Friday, August 20, 2010

Gray’s Reef National Marine Sanctuary Announces the Selections for the 2010 Ocean Film Festival

A seven member panel has completed judging the submissions for the 2010 Gray’s Reef Ocean Film Festival scheduled to take place Sept. 17-19 at the Savannah College of Art and Design’s Trustees Theater. More than 90 films were submitted for consideration; 33 were selected for the festival in addition to ten student films. Students from the Savannah College of Art and Design are competing for the Dr. Robert O. Levitt Prize for local emerging film makers.

Several selections focus on the Gulf Coast region, an area of special interest in light of the Deep Water Horizon oil disaster. Filmmaker Jon Bowermester will bring his latest documentary, “SoLa, Louisiana Water Stories’’ to the festival Saturday evening September 18. Bowermester re-cut parts of this look at ocean, culture, economics and survival along the Gulf Coast to provide an-up-to-the minute look at Deep Water Horizon disaster. Two local filmmakers and recent SCAD graduates, Landon Lott and Tim Arnold, bring their personal views of the disaster with their film “Skimming the Surface.’’

Other film highlights include two new ocean issue films from National Geographic and several winners from the 2010 International Wildlife Film Festival.

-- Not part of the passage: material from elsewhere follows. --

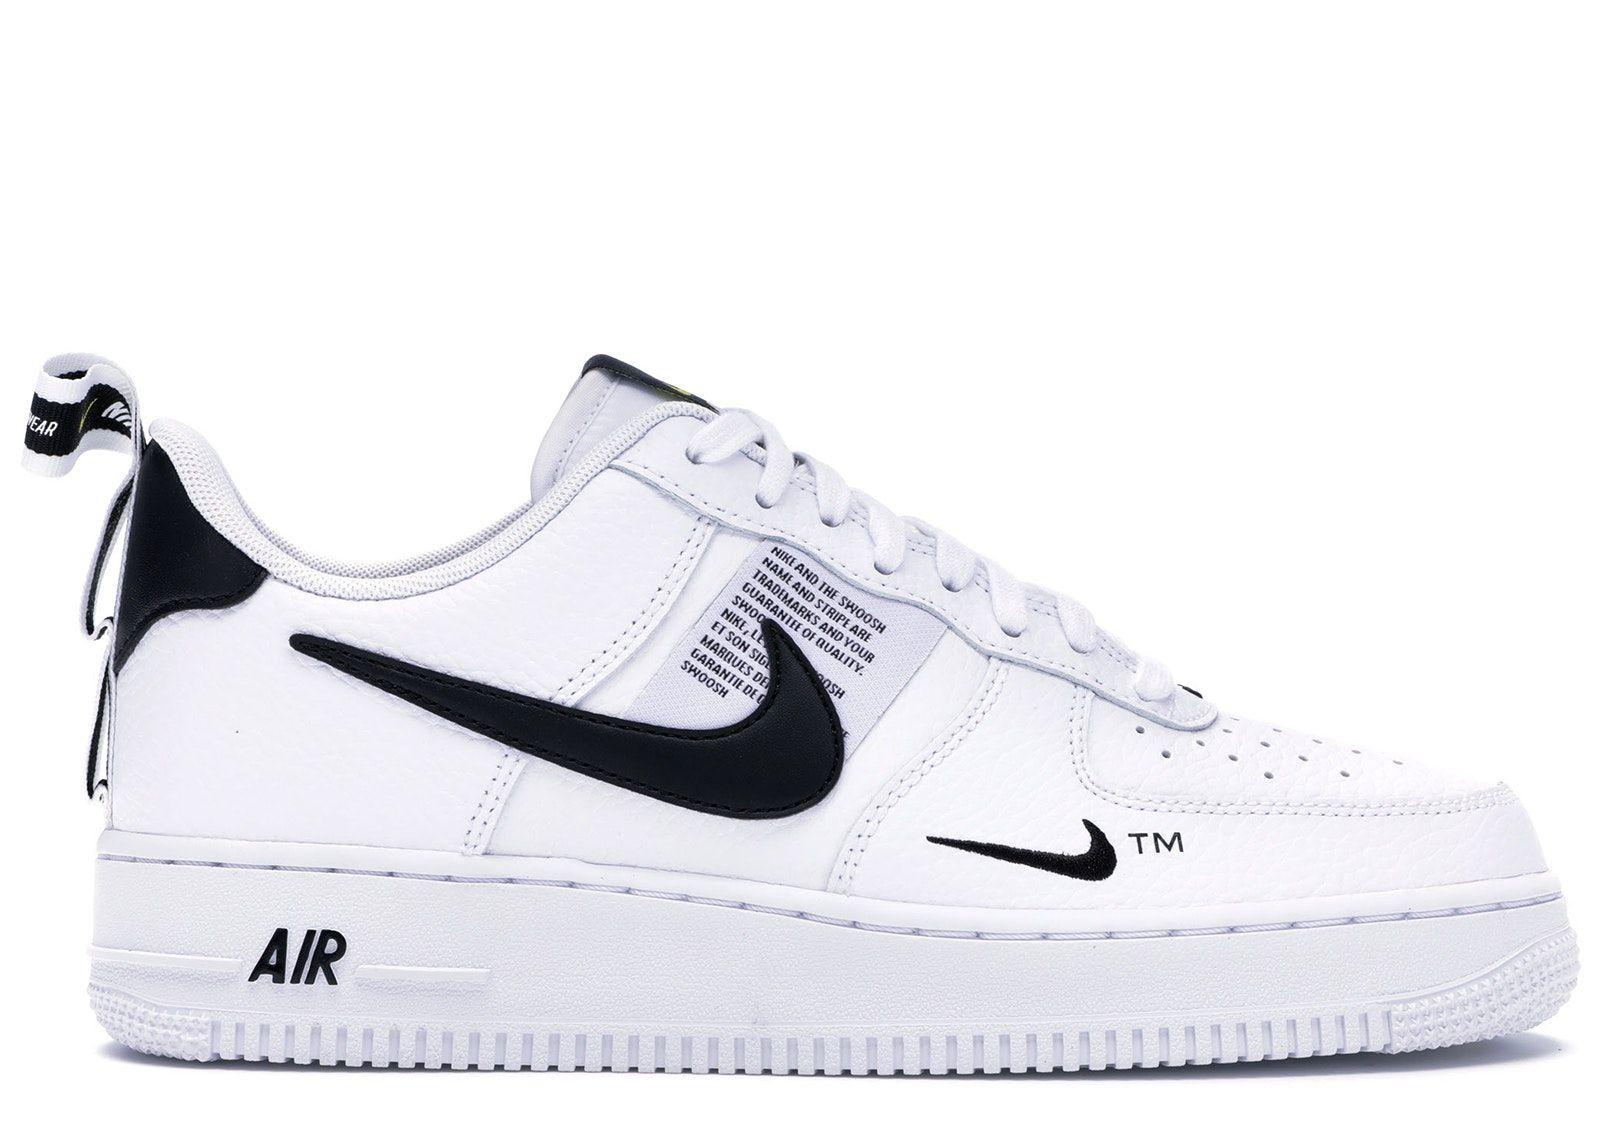 Nike Air Force 1 Low Utility White Black In 2020 Nike Air Shoes Black Nikes White Sneakers Women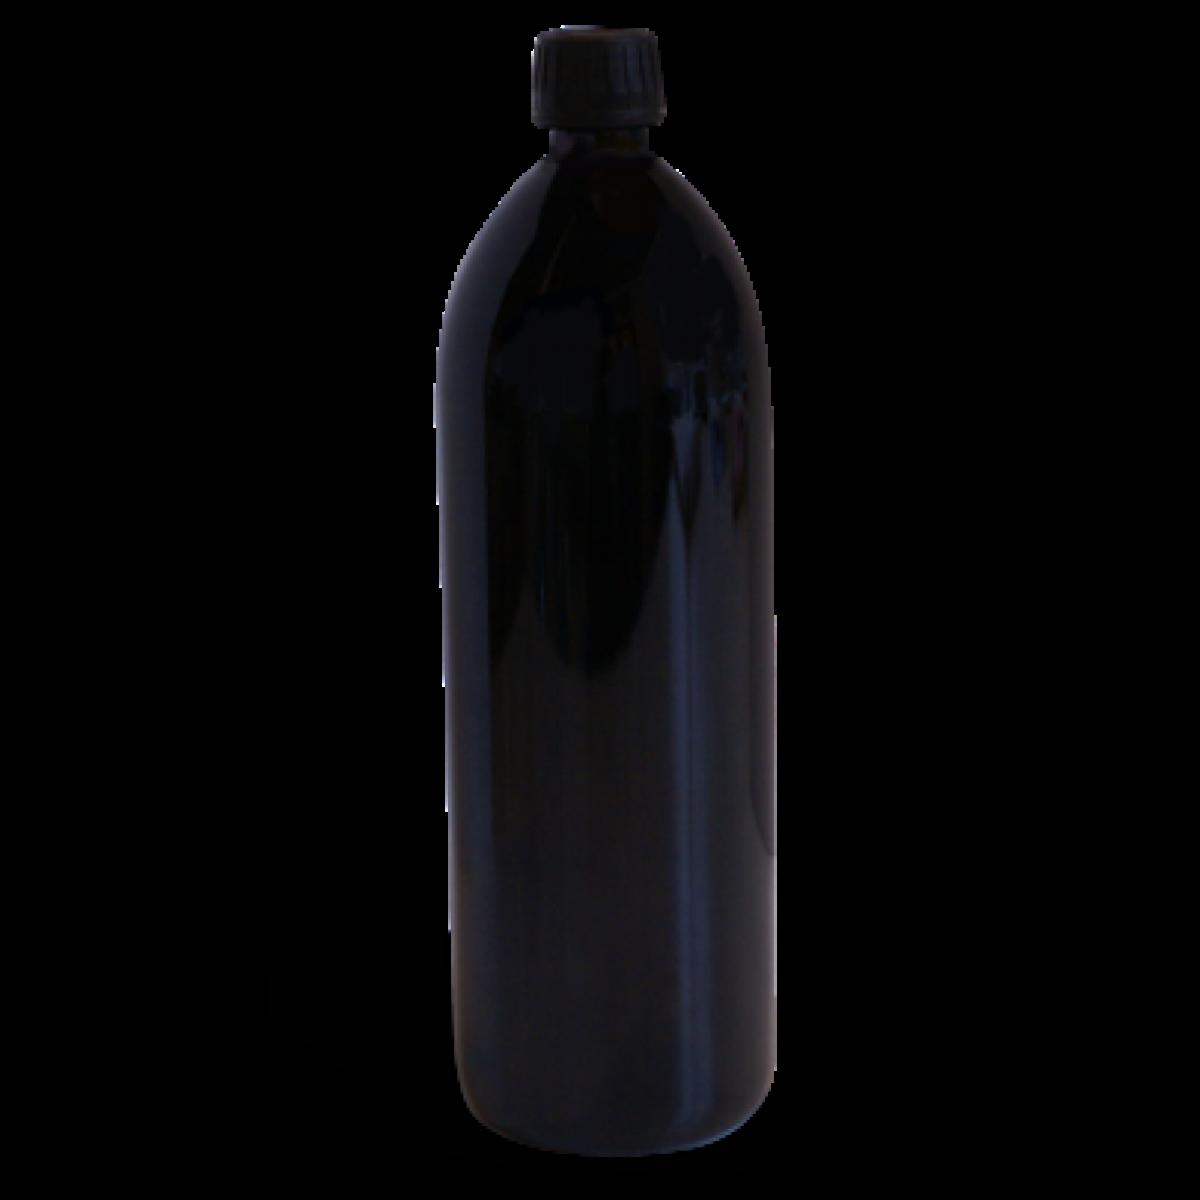 Miron Glass Uk Miron Glass Bottle Dark Violet Glass 1

The 2010 Gray’s Reef Ocean Film Festival Judges’ Best Pick film, “Students Saving the Ocean,’’ will be shown twice during the festival. In the film, young students show us all how to “live like we love the ocean.’’ Sunday evening is devoted to student environmental documentaries.

The festival includes a Saturday morning segment devoted to the students of Thunderbolt Elementary Marine Science Academy for their accomplishments in studying marine life. All students are welcome.
Festival film winners include: “Students Saving the Ocean,’’ Judges’ Best Pick and winner of the Call to Action Category; “Witness to Hiroshima,” winner of the Short Film Category; “Cold as Ice’’ and “What’s Down There,’’ joint winners of the Ocean Exploration & Discovery Category and “Wooden Bones” and “Lost on a Reef,’’ joint winners of the Maritime Heritage Category.

Judges included Reed Bohne, Superintendent of the Northeast, Mid-Atlantic and Great Lakes Region of the National Marine Sanctuary Program and former superintendent of Gray’s Reef; John Duren who serves on the boards of the Skidaway Marine Science Foundation and the Coastal Conservation Association of Georgia; Fitz Haile of The Creative Coast Initiative; Karen Grainey, president of Clean Coast; Stephen Hooten of Morgan Stanley Smith Barney; Mary Landers, environmental reporter for the Savannah Morning News; and Michael Sullivan, External Affairs Manager, Skidaway Institute of Oceanography. Staff of the National Geographic Society’s Film and Television unit judges the student film submitted for the Levitt Award.

The Gray’s Reef Ocean Film Festival remains a free festival with the mission to “To educate, inspire and enlighten coastal Georgia residents about the world’s oceans and the issues facing them. We use films to explore the beauty of the sea, the complexity of the marine ecosystem, the creatures that inhabit it, our maritime heritage and humankind’s relationship with the oceans and the environment in a positive, healthy, family-oriented format.”